◆ **Task instructions**
Please write out all the data that follows exactly, without the pictures.

◆ **Data block**

--- START ---

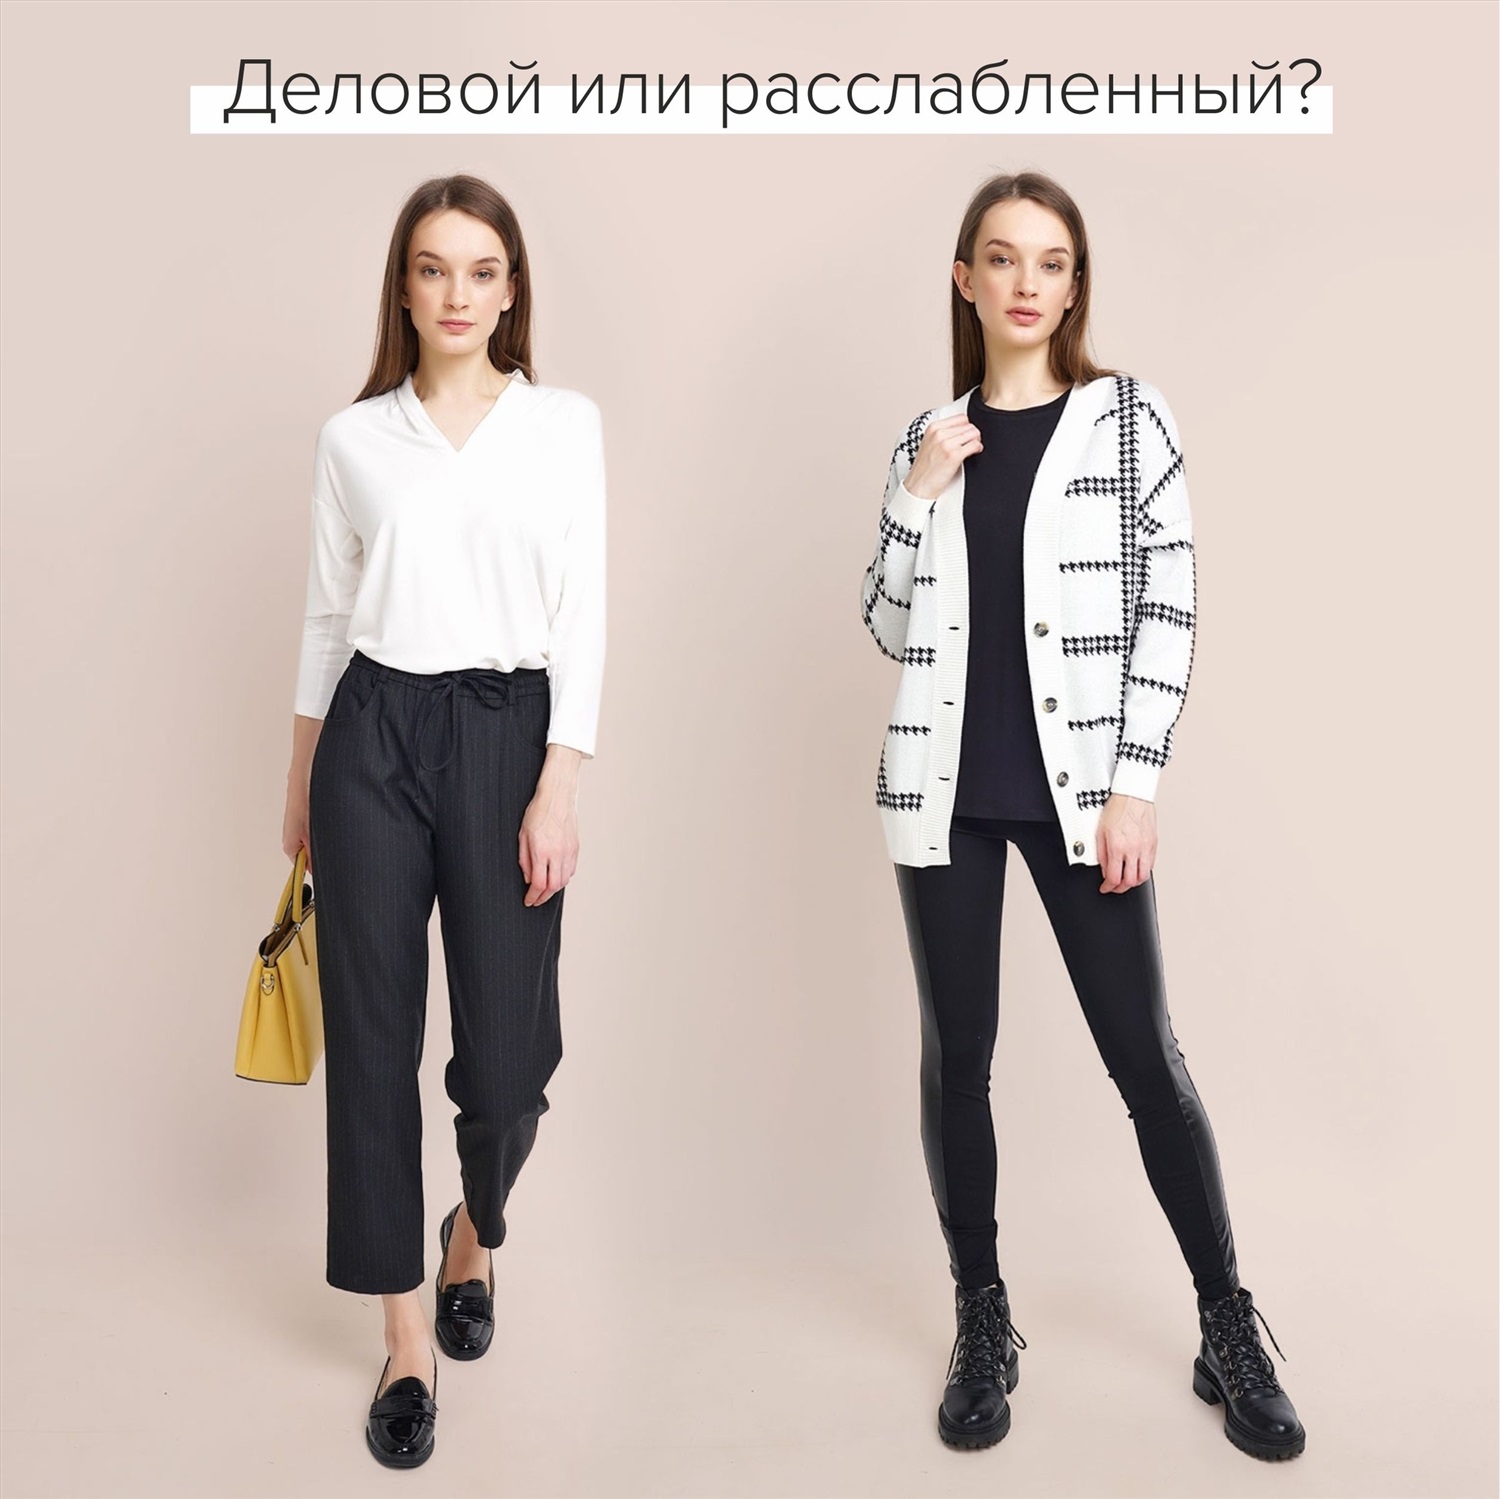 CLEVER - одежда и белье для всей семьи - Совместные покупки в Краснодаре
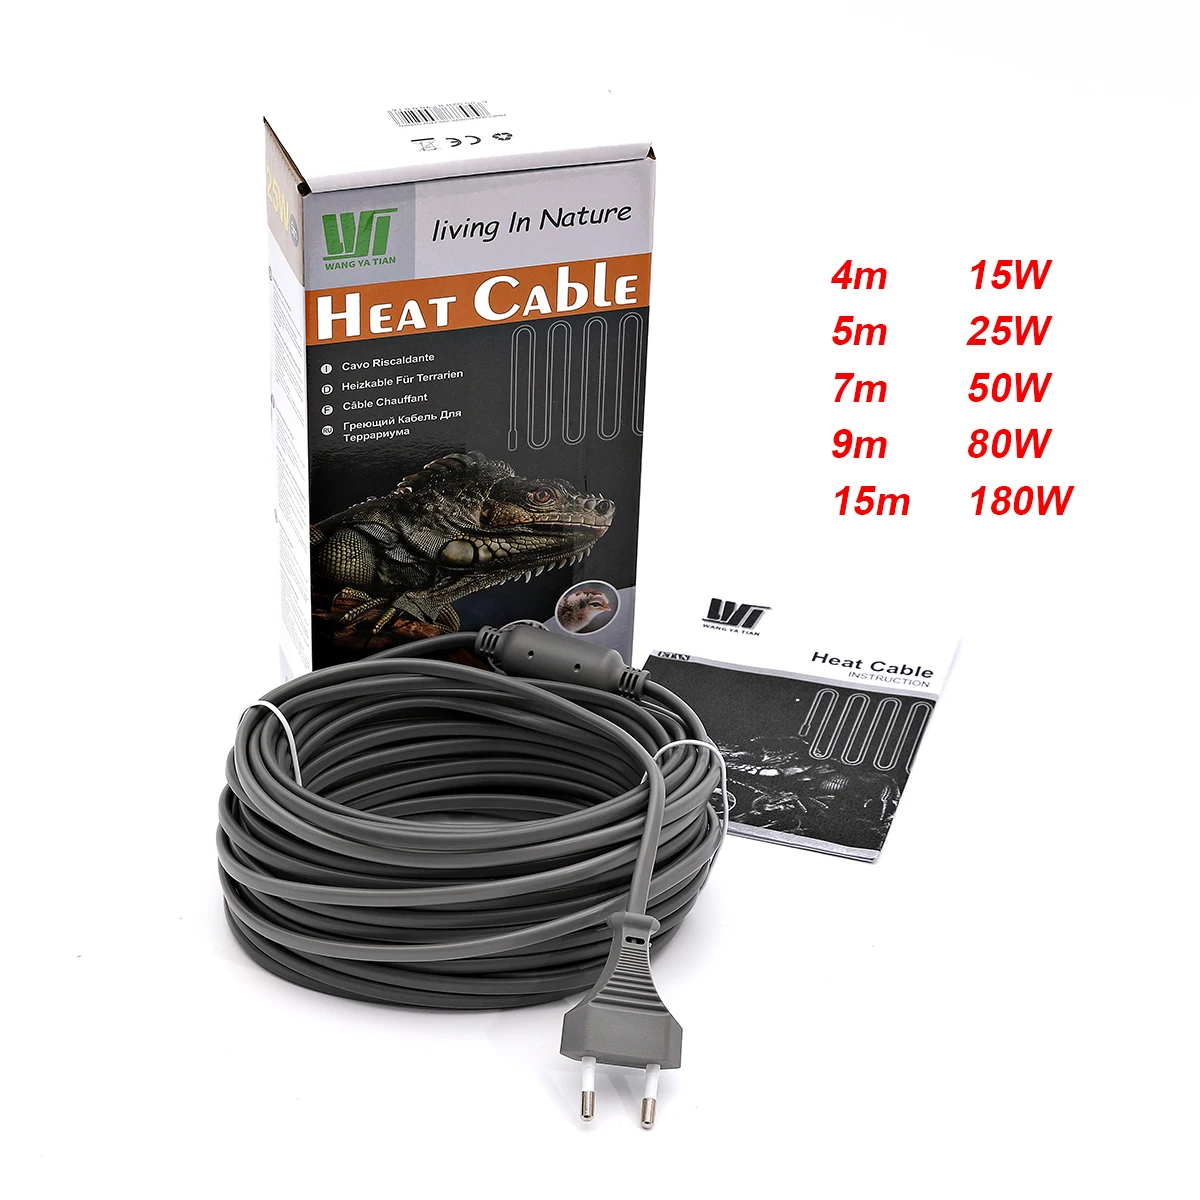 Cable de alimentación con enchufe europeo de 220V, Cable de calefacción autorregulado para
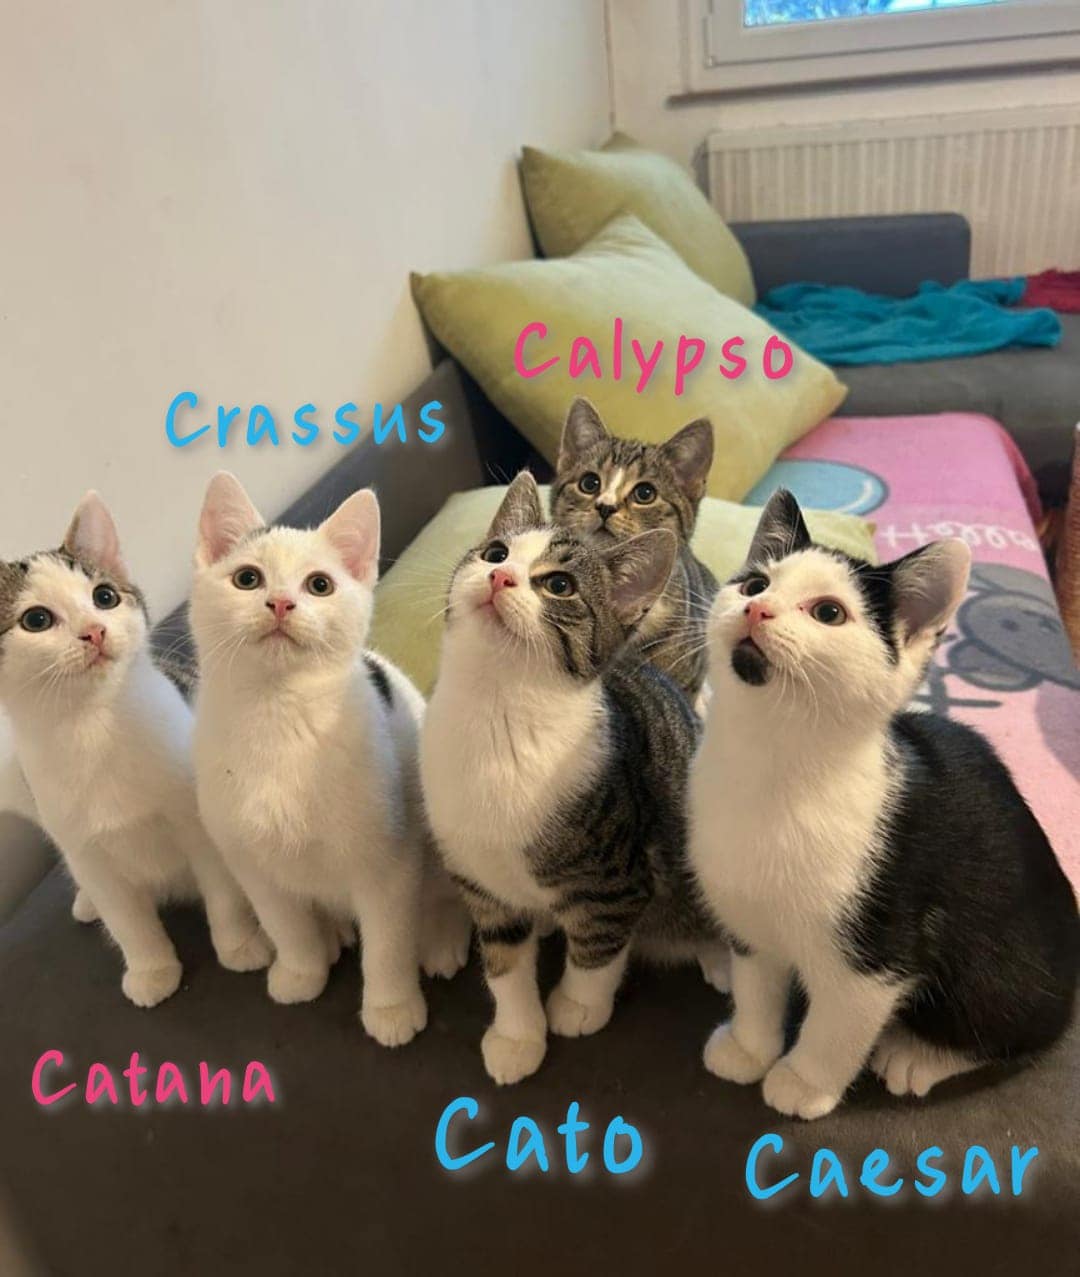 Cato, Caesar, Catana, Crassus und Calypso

--- END ---

◆ **Output**
 CLEVER - одежда и белье для всей семьи - Совместные покупки в Краснодаре
 Cable de alimentación con enchufe europeo de 220V, Cable de calefacción autorregulado para
 Cato, Caesar, Catana, Crassus und Calypso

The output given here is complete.